I will seek and find you.

I shall take you to bed and have my way with you.

I will make you ache, shake & sweat until you moan and groan.

I will make you beg for mercy, beg for me to stop.

I will exhaust you to the point that you will be relieved when I'm
finished with you.

And, when I am finished, you will be weak for days.

All my love,

The Flu


----------



## turnipbwc (Jan 7, 2006)

A Love Story

Now that's what I call a sick story....... :clown:


----------



## Grandview Trailer Sa (Jan 7, 2006)

A Love Story

Hope you don't have it John


----------



## ARCHER (Jan 7, 2006)

A Love Story

John,  you have way, way too much time on your hands.......find a hobby.


----------



## John Harrelson (Jan 7, 2006)

A Love Story

hahahahaha....  Nah, I don't have the flu but I definitely have too much time to waste..   :bleh:  :laugh: 

A friend sent that to me in an email and I thought it too cute not to share it on a winter day, smack dab in the middle of flu season...
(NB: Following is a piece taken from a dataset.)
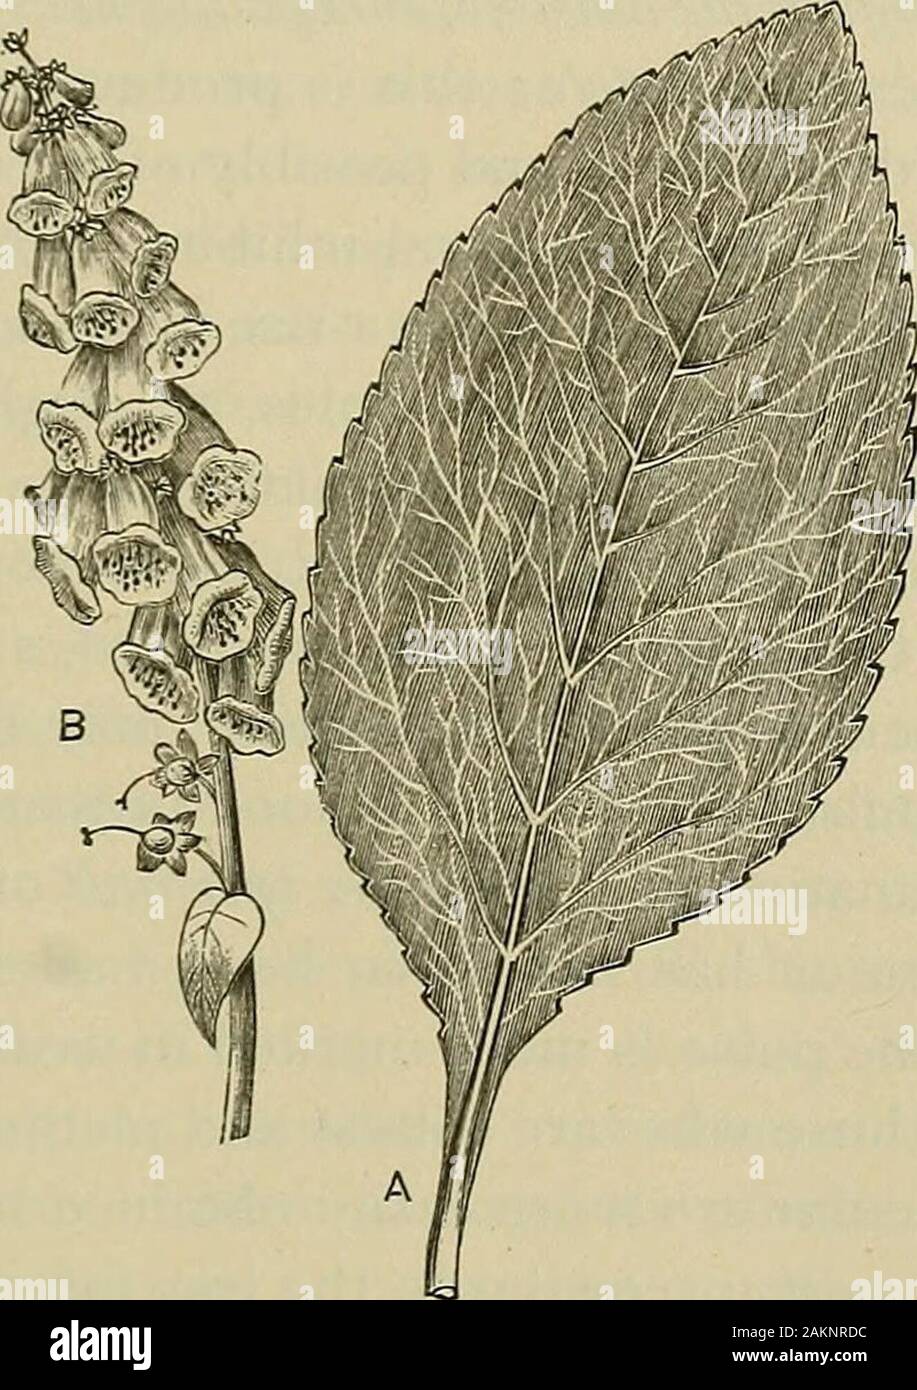 Materia medica and therapeutics : for physicians and students . rminal spike. The seeds and leaves are both active,but the latter only are em.Y&gt;oyed, from plants of the second yearsgrowth; and those from the European wild plants are preferred,as the cultivated variety is thought to be inferior in virtue. The * Gossypium Herbaceum. Thesis by Thos. Harry Huzza, m.d., avvarded theMedical News Prize at the Jefferson Medical College, of Philadelphia, 1887. SPINANTS DIGITALIS. 26q petioles are removed, and the leaves are then dried in baskets, ina dark place, in a drying-stove. When dried, they Stock Photo

Keep smiling guys, every day brings us closer to summertime.

John


----------



## C Nash (Jan 8, 2006)

A Love Story

And I thought John was out there in the field working :laugh:  :laugh:  :laugh:


----------



## John Harrelson (Jan 8, 2006)

A Love Story

It's winter time Chelse, jes ain't no way this ol'boy is gonna work in de cold .....
   

John


----------



## C Nash (Jan 8, 2006)

A Love Story

Just remember John, we had to help you through last winter. keep posting so we will know you haven't went off the deep end :laugh:  :laugh:


----------